January 29, 2005
Minnesota culture is really interesting. It's adorable now, but on some level I'm glad I didn't grow up here. One thing that struck me about it last night is the fact that people subtly and in friendly ways reinforce their value of conformity.
I love ice skating, and I've never lived in a place where it is so accessible. Now that I own a pair of skates and live a block from an outdoor rink (that serves as a baseball field when temperatures rise), I go all the time, anytime the urge strikes. Last night, I particularly felt like skating from about 1:30 to 3:30am.
First, I just have to say it was a blast. I had the rink all to myself, plus they must have zambonied it at the end of the day because it was smooth as glass. It wasn't too cold out either—I even took off my jacket, hat, and gloves at one point because I was sweating.
The really interesting thing, though, was that person after person after person stopped whatever they were doing to ask me what on earth I was doing skating at x o'clock in the morning.

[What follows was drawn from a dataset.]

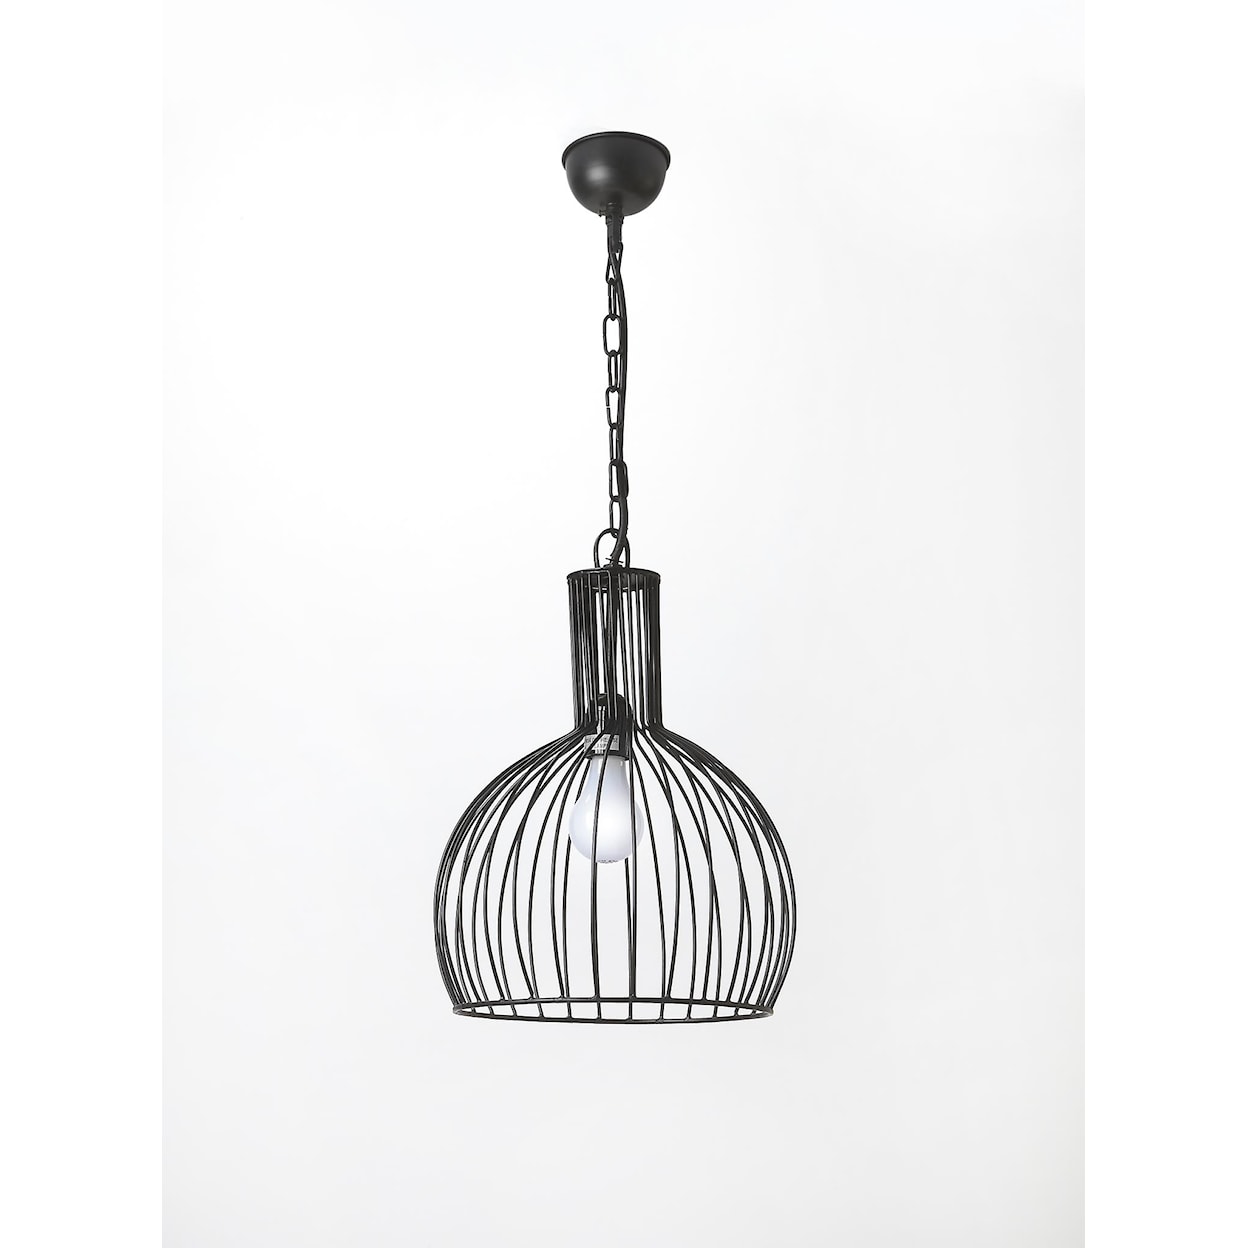 Butler Specialty Company Hors D'oeuvres 1 Light Pendant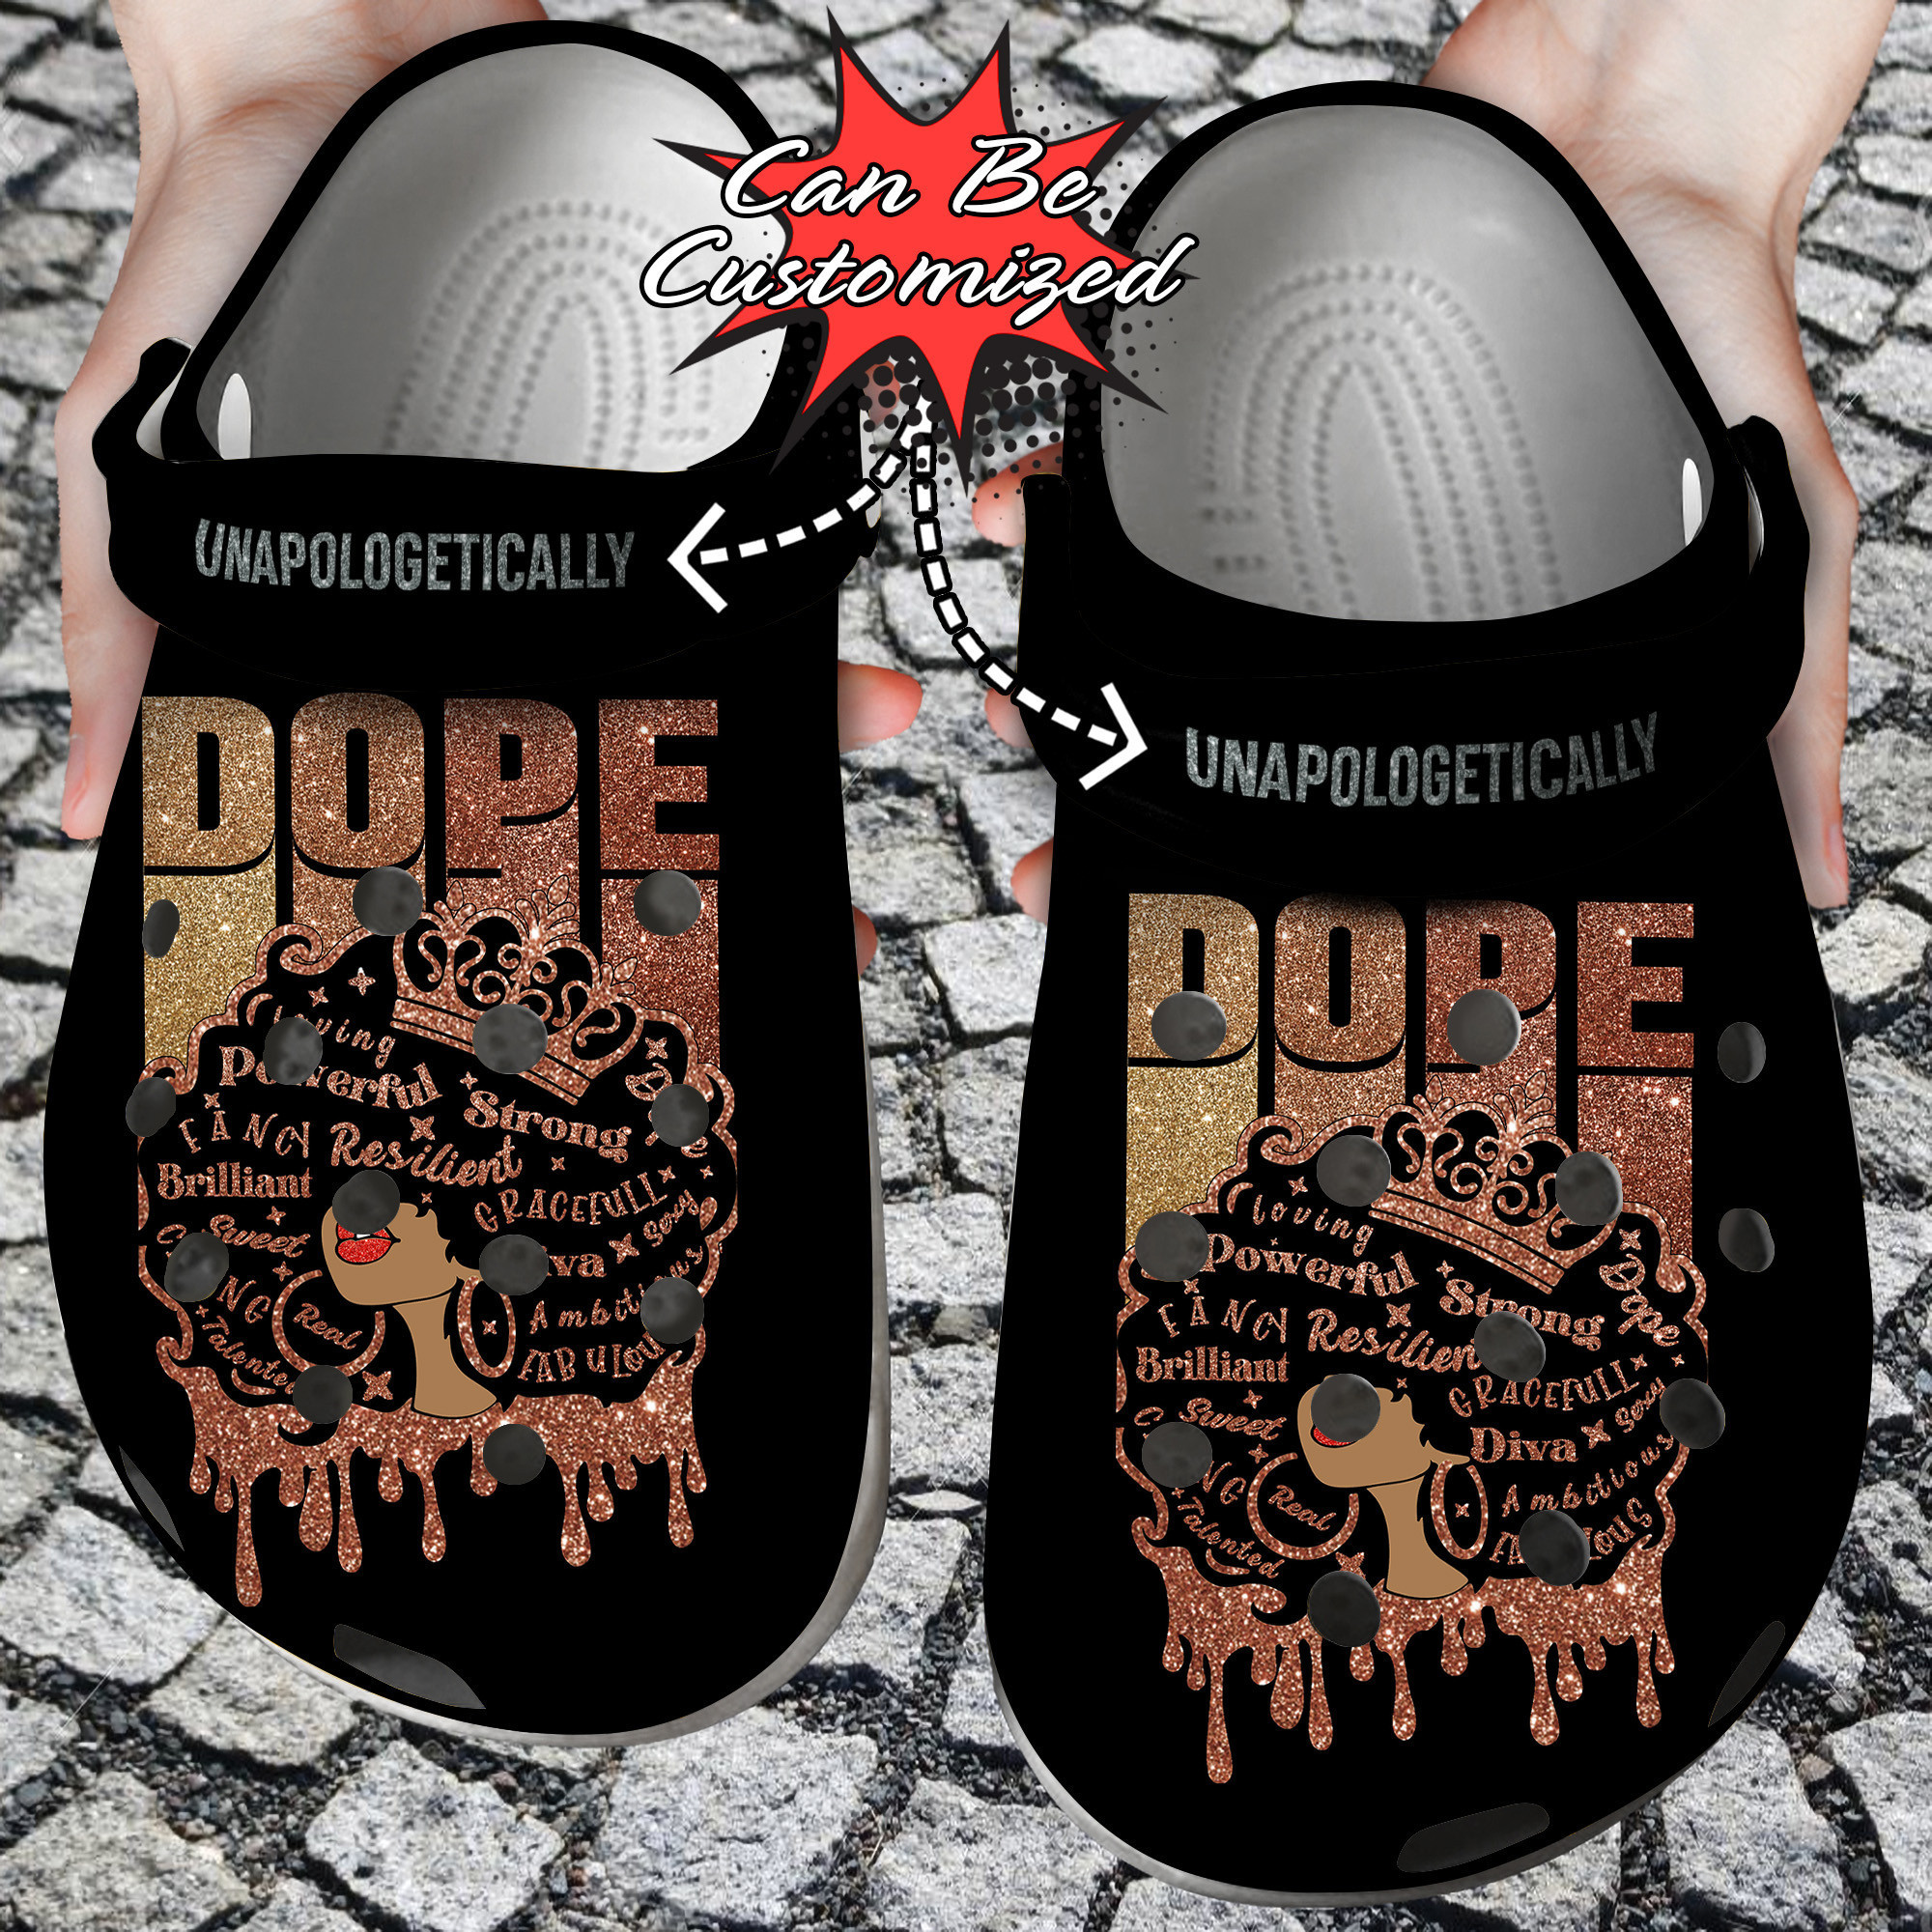 Custom Crocs Personalized Unapologetically Dope Black Woman Clog Shoes

Usually my response was that it was the perfect time to skate—I had the rink all to myself! My inquisitors ranged from a couple girls who lived nearby who were drinking and just playing on the ice in their shoes, to a black lady driving by who actually stopped her car, opened her door, and screamed at me from the street. There were also people walking their dogs, and various official-looking cars that slowed, stopped, stayed until they were satisfied I was not a danger to myself of anyone else, then drove on. Cab drivers too: one stopped just to watch, another actually asked what I was doing, and if I'd teach him to skate.
Everyone was friendly, though. I suppose there's a sociological niche for outsiders in Minnesota, too, and perhaps if I'd grown up here, that's what I'd be. People made it very clear that I was doing something out of the ordinary, but once I exhibited confidence in my choice of activity, they laughed and joked and shook their heads, wondering what the world was coming to.